Indossando i distintivi di paziente e sopravvissuta, le nuove identità mi hanno dato peso nel mondo del cancro. Ma mentre il mio petto si gonfiava di orgoglio, la vecchia me stava lentamente scivolando via. Stavo dimenticando la mia vera identità.
Nei giorni, nei mesi e negli anni seguenti, i cambiamenti continuarono. In breve tempo, mi ritrovai ad adottare un’altra identità. Invece di chiamarmi “paziente” o “sopravvissuto”, avevo spostato la mia prospettiva e cominciai a chiamarmi “vittima”. Questa etichetta sembrava adattarsi meglio di tutte – soprattutto perché non avevo dato al cancro il permesso di decimare la mia vita. Era arrivato inaspettatamente ed era stato molto indesiderato.
Con l’etichetta di vittima appuntata saldamente al petto, ho cominciato a notare dei cambiamenti nel mio modo di pensare. La mia visione non era più positiva. Non lavoravo più duramente per sopravvivere.
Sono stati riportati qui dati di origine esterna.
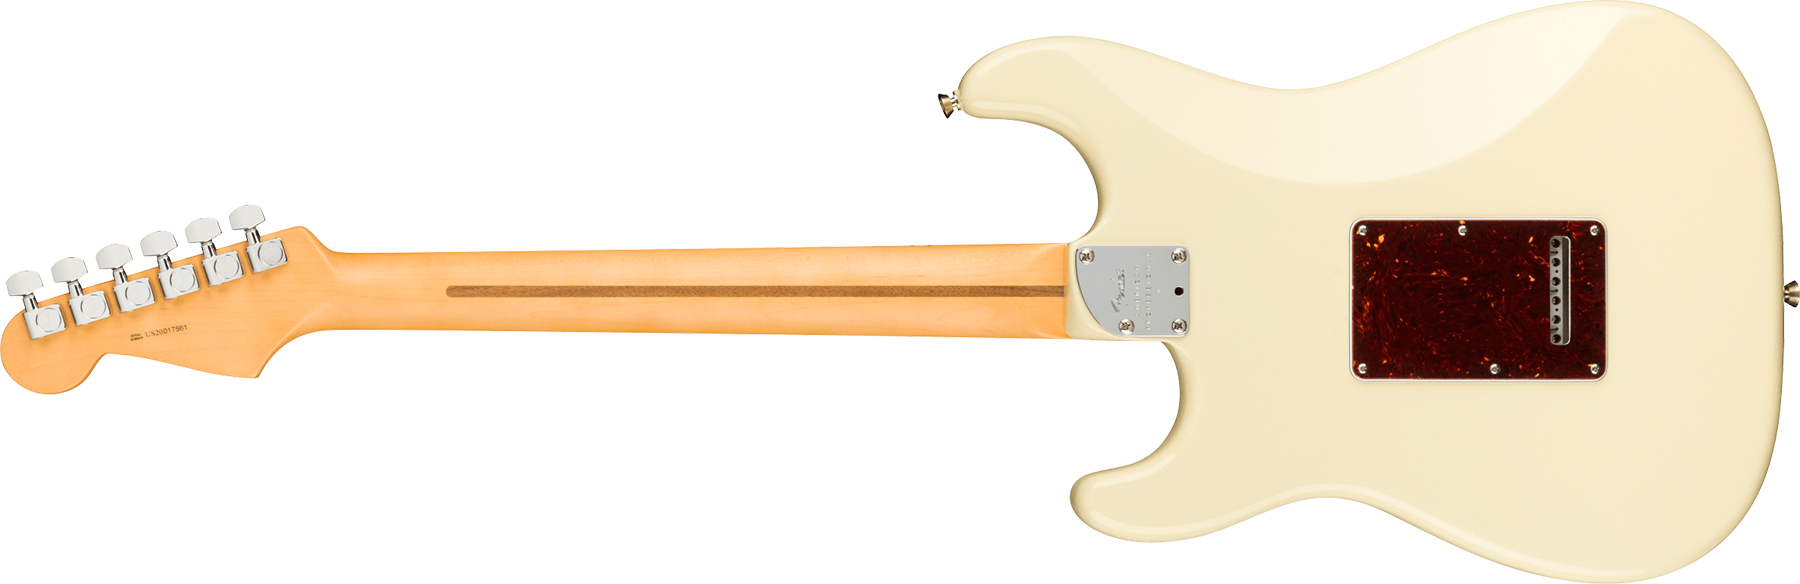 Fender Strat American Professional Ii Hss Usa Mn - Olympic White - Elektrische gitaar in Str-vorm - Variation 1

Come vittima, mi sono permesso di guardare la vita in modo negativo. Ben presto, scoprii che non ero in un buon posto.
Anche se non avrei mai voluto essere conosciuta come la ragazza con il cancro o anche la ragazza che aveva il cancro, non c’era stata scelta in materia per me. Semplicemente, era quello che era. E dovevo accettare questa nuova realtà.
Ma perché la parola “vittima” sembrava adattarsi così bene?
La parola “vittima” evoca l’immagine di una persona i cui diritti sono stati violati, come quelli che hanno subito un crimine violento o forse quelli che sono stati feriti in un incidente automobilistico. È facile provare compassione per loro, perché si capisce immediatamente che qualcun altro è stato colpevole delle ferite inflitte. Ma non molte persone associano la parola “vittima” al cancro, anche se il cancro è da biasimare per i cambiamenti traumatici nella vita di una persona.
Ma prendiamoci un momento per dare uno sguardo alla mentalità della vittima. Come pensano le vittime? Cosa provano?
- Una vittima di solito si sente impotente sulla sua situazione.
- Una vittima può sentirsi impotente a cambiare o risolvere il suo problema.
- Una vittima può vedere il suo problema come un evento traumatico o catastrofico.
- Una vittima può sentire di essere stata trattata ingiustamente.
- Una vittima ha difficoltà a lasciare andare il passato.
Tutti questi sentimenti sono definizioni valide e comprensibili di una persona con una mentalità da vittima.
Per la persona con il cancro, l’etichetta di vittima autoimposta può offrire un senso di identità, anche se leggermente distorto.
Quando ho scelto di etichettarmi come una vittima del cancro, l’ho sfruttata per tutto ciò che valeva. Sentendo che il cancro mi aveva derubato della mia vera identità e l’aveva sostituita con il carattere e la personalità di qualcuno che non conoscevo, era evidente che avevo dato tutto quello che avevo da dare. Ma si può portare l’etichetta di vittima solo per così tanto tempo. Alla fine, diventa estremamente pesante e ingombrante, appesantendo così tanto una persona che la vita quotidiana diventa quasi impossibile. Prima o poi, la persona raggiunge un punto di rottura e decide che è abbastanza. È a quel punto che avviene il recupero dell’identità.
Per me, raggiungere quel giorno non è successo da un giorno all’altro. C’è voluta molta introspezione, un’autoanalisi positiva e la preghiera per liberarmi dalla mentalità della vittima. Con uno sforzo enorme, ho preso la decisione cosciente di rifiutare lo stigma posto su di me dagli altri – che ero fragile e debole.
Fate attenzione quando vi etichettate. Consciamente o inconsciamente, tutti noi ci appuntiamo delle etichette, ma queste etichette non sempre riflettono le nostre vere identità. Nessuna etichetta può descrivere veramente il valore e la dignità di una persona.